Railway station in Sakai, Fukui Prefecture, Japan

Maruoka Station (丸岡駅, Maruoka-eki) is a railway station on the Hapi-Line Fukui Line in the city of Sakai, Fukui Prefecture, Japan, operated by the Hapi-Line Fukui.

==Lines==
Maruoka Station is served by the Hokuriku Main Line, and is located 65.9 kilometers from the terminus of the line at .

==Station layout==
The station consists of two unnumbered side platforms connected by a footbridge.
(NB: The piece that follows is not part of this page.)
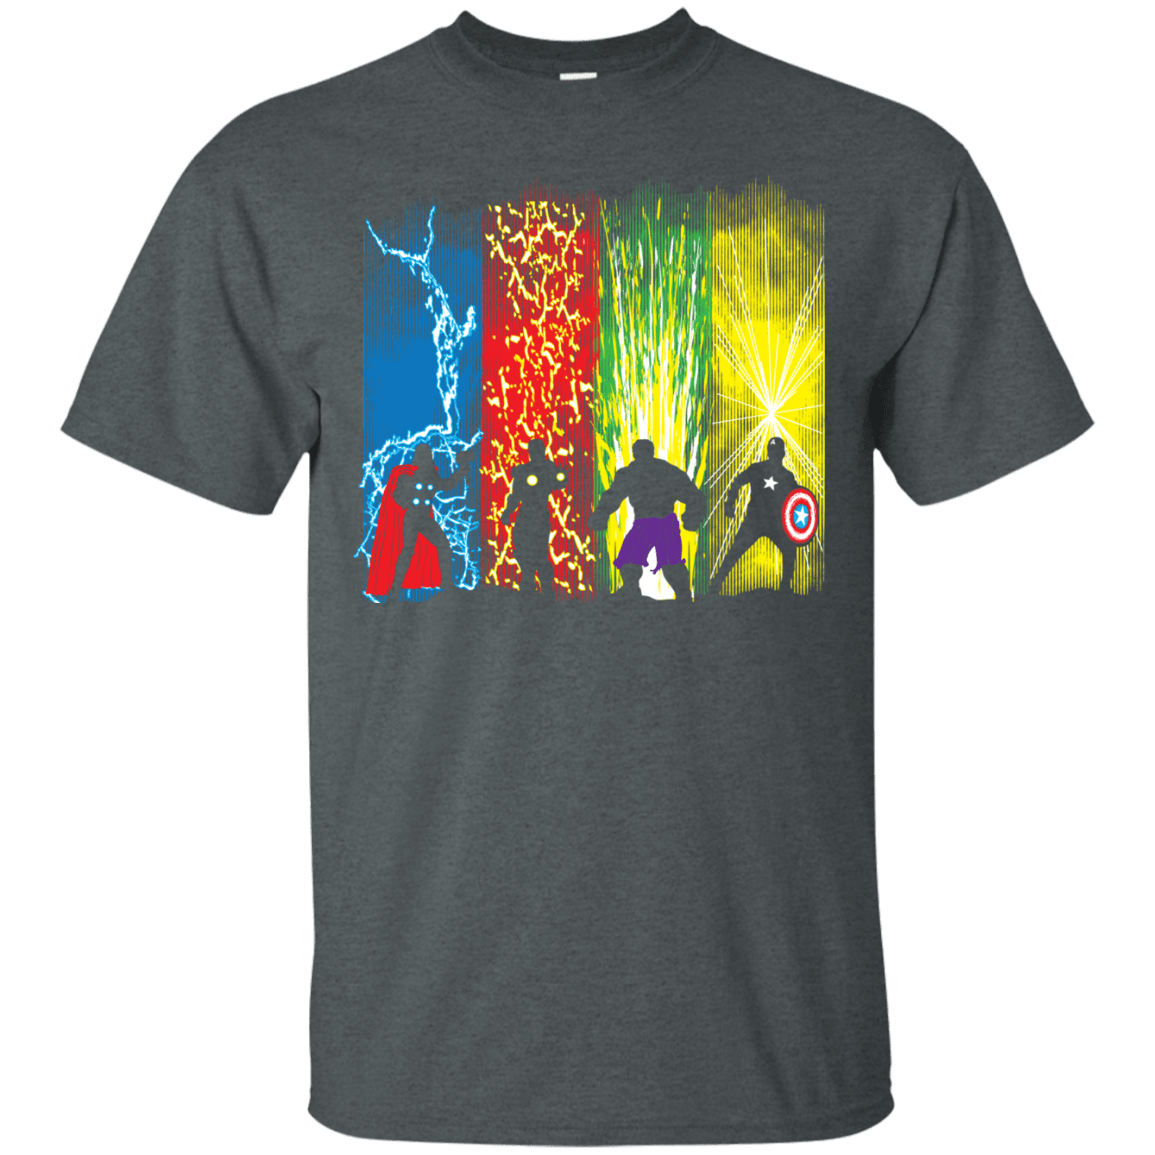 T-Shirts Justice Prevails T-Shirt

The station is staffed.

===Platforms===

| 1 | ■ Hapi-Line Fukui Line | for Fukui and Tsuruga |
| 2 | ■ Hapi-Line Fukui Line | for Kanazawa |

==Adjacent stations==

| « |  | Service | » |  |
Hapi-Line Fukui Line
| Harue |  | Local |  | Awaraonsen |

==History==
Maruoka Station opened on 20 September 1897 as Shinjō Station (新庄駅, Shinjō-eki). It was renamed to Maruoka Station on 15 February 1902. With the privatization of Japanese National Railways (JNR) on 1 April 1987, the station came under the control of JR West.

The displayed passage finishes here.